The city has declined to comment on whether there’s a time frame in which it would become involved in negotiations or seek another contractual provider should MV continue to not provide its contracted drivers.
The new contracts don’t cover the city’s commuter services — buses that run weekdays in the mornings and evenings to places like the San Fernando Valley, West Los Angeles, downtown Los Angeles and LAX. Those services have been suspended since Oct. 9.
The city tracks ridership as one-way trips provided as opposed to unique individuals, Lujan said. If the year-over-year commuter numbers are any indication, the popularity of the city’s commuter transit services are on the rise.
Not including local or dial-a-ride services, which MV also contractually provides, the city gave 19,973 rides on its commuter buses in September 2022, and 23,347 this past September — an average of more than 1,100 one-way trips a day for the Monday-to-Friday line, a 16% increase over the previous year.
In October 2022, there were 21 days of commuter service and 24,354 trips. The numbers for October 2023 had just under 4,800 trips in about five days. Those numbers could have been impacted by numerous reports at the end of September of a pending strike.
“The city determines which emergency routes to operate, the service frequency and hours of operation,” Lujan wrote in an email Wednesday to explain how the temporary services are being negotiated on behalf of the city.

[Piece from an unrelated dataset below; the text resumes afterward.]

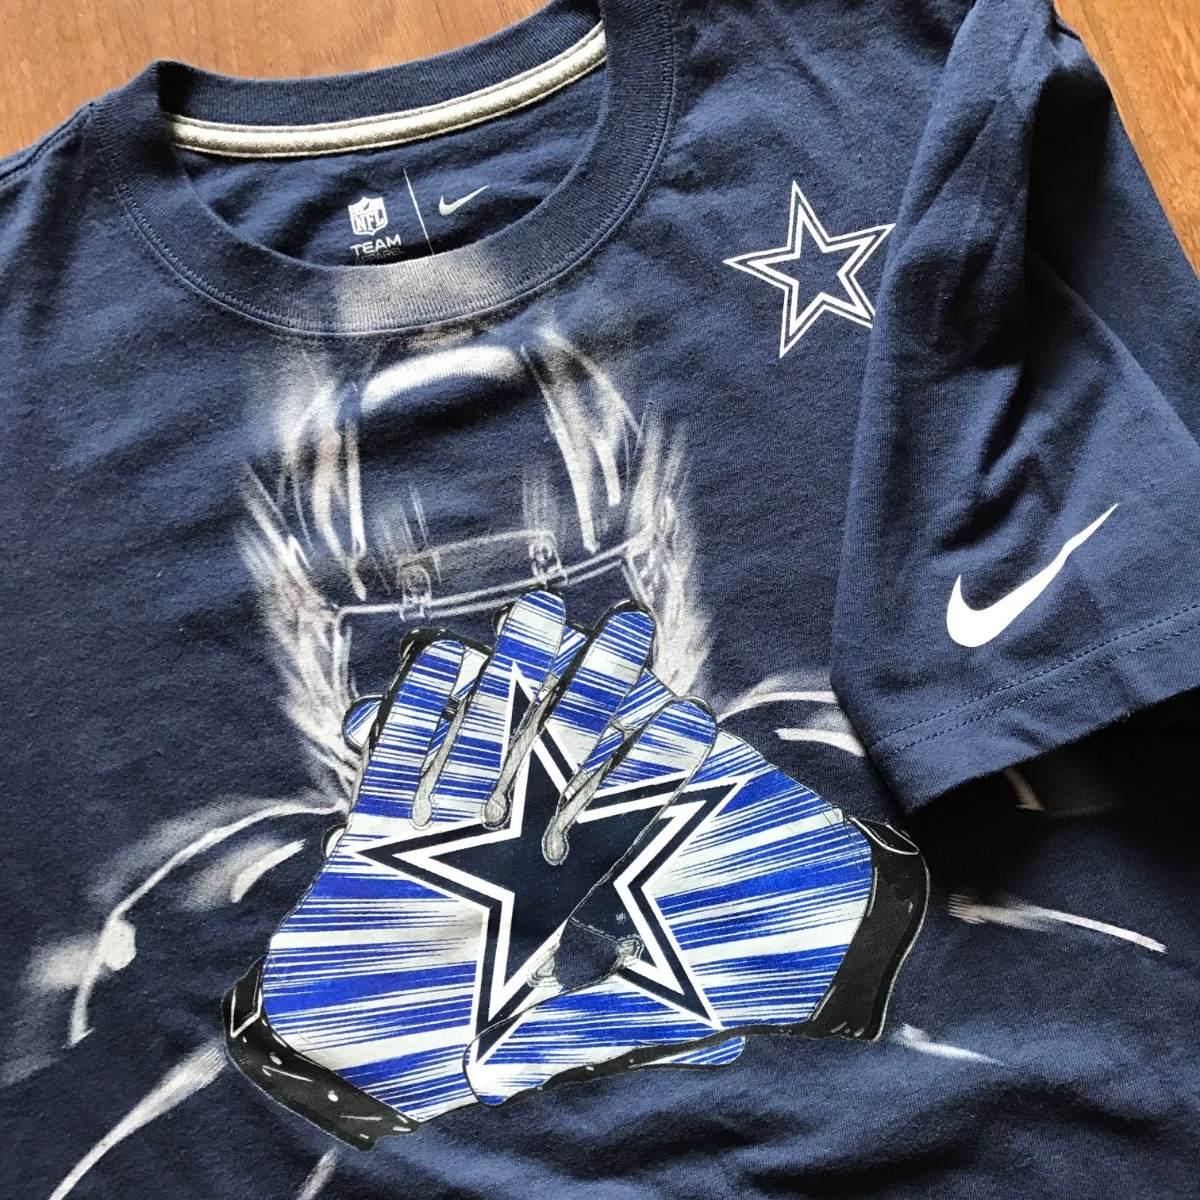 57a3940c0b camiseta dallas cowboys nike nfl camisa futebol americano. Carregando zoom.

An emergency declaration was issued shortly after the strike was declared, authorizing City Manager Ken Striplin to negotiate temporary contracts.
“They are adjusted as needed, based on available Transit Systems resources,” Lujan added.
The city’s daily cost for its contract with Transit Systems on Oct. 20 was $22,445, according to contracts shared by the city.
“The city is currently operating limited all-day service on (Route Nos.) 1, 2, 5, 6 and 12,” Lujan wrote. “Additionally, we are operating school day service on (Route Nos.) 621, 623, 626, 627, 634 and 640.”
Prior to the strike, Santa Clarita Transit offered 11 all-day local routes and four commuter lines.
Updated information about the city’s changing bus services is available at: santaclaritatransit.com/2023-mv-bus-driver-strike-schedule.